Through each room, the artifacts felt like introductions between generations — each relic speaking across time.
“The filament go in the light bulb, bottle capper, straightening comb,” she said. “So we invented almost 5000 instruments.”
Atwater continued, “People used to refer to African American people as Sambo, pick-a-ninny, mammies, coons, Negro. This bank here is a Sambo bank, and you put the penny in his hand, and then you make him swallow the penny.”
Atwater and her team are now looking for a larger space to house the full collection. But she says her mission isn’t just about learning the past — it’s about understanding how it still relates to the present.
“Juneteenth is a holiday of reflection, and it’s a holiday that we don’t have to be embarrassed about our rich history,” she said. “And it’s important today, and I’m glad I did that 40 years ago, because they’re trying to erase African American history as we speak today.”
Her catalog is so rich and carefully curated that other museums often turn to her as a trusted resource.

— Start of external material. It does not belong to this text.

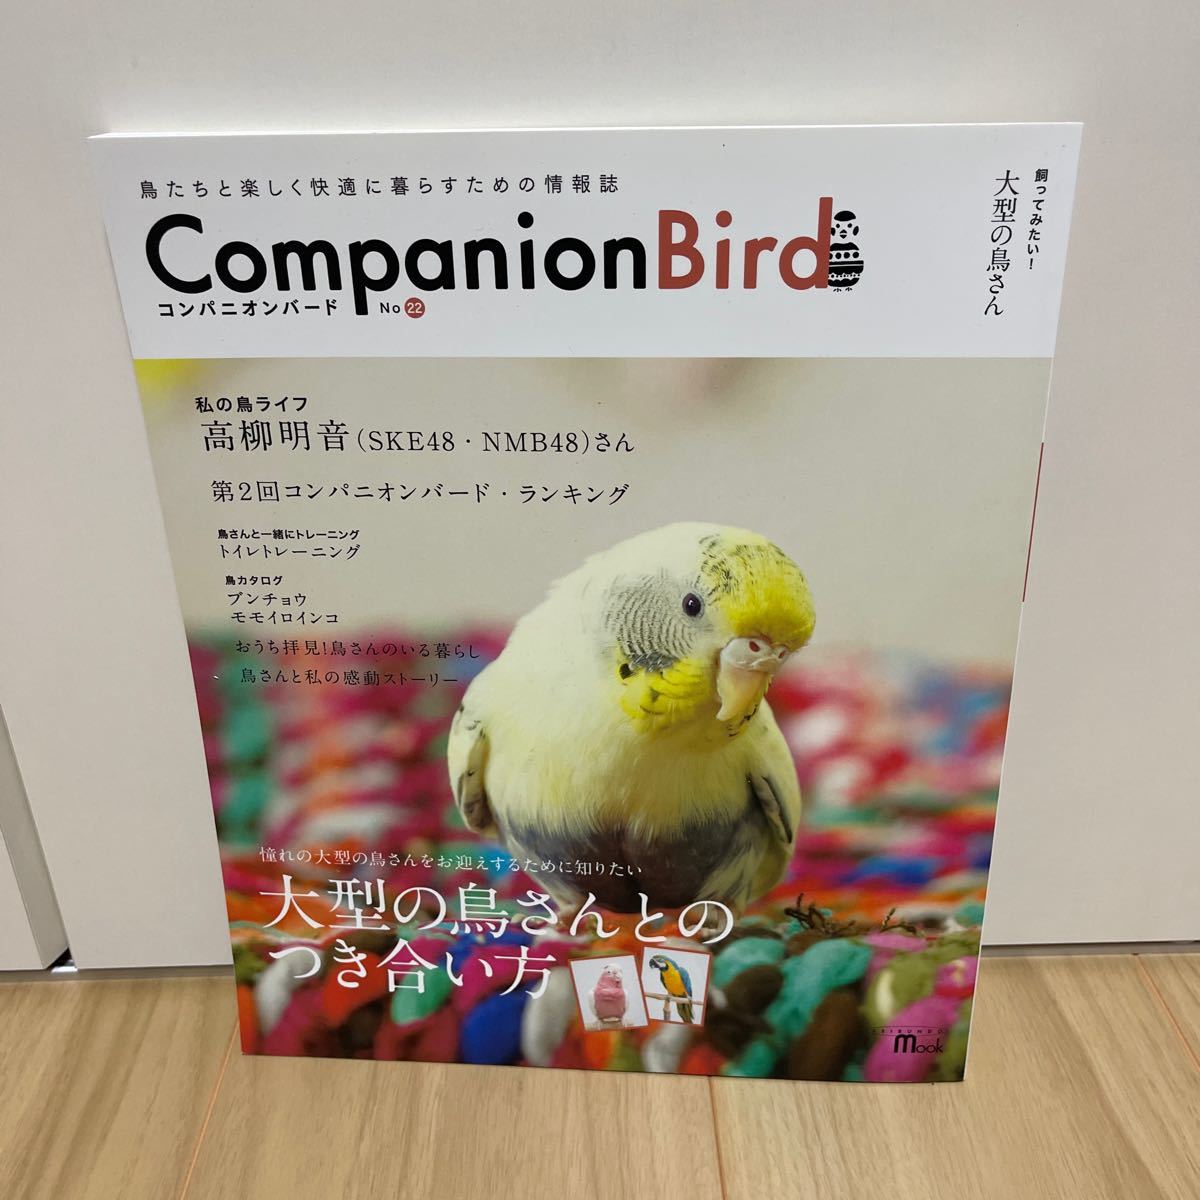  быстрое решение Companion Bird сопровождение bird No.22 документ птица bnchou Momo iro длиннохвостый попугай высота . Akira звук попугай темно синий go длиннохвостый попугай

“I worked closely with the National African American Museum in Washington, D.C., and then the Disciple Museum in Chicago. I donated artifacts to the New York Arts Museum,” Atwater said.
All of this, she says, was built to be a foundation for Memphis — and a light to shine on every era of Black history.
So that days like Juneteenth never go unnoticed — or uncelebrated.
“We at the fight of our life when it comes to African American people, but it’s going to take all our sisters and brothers, yellow, Black, brown, white, we must come together because we do not come together, united we going to stand under that we going to fall.”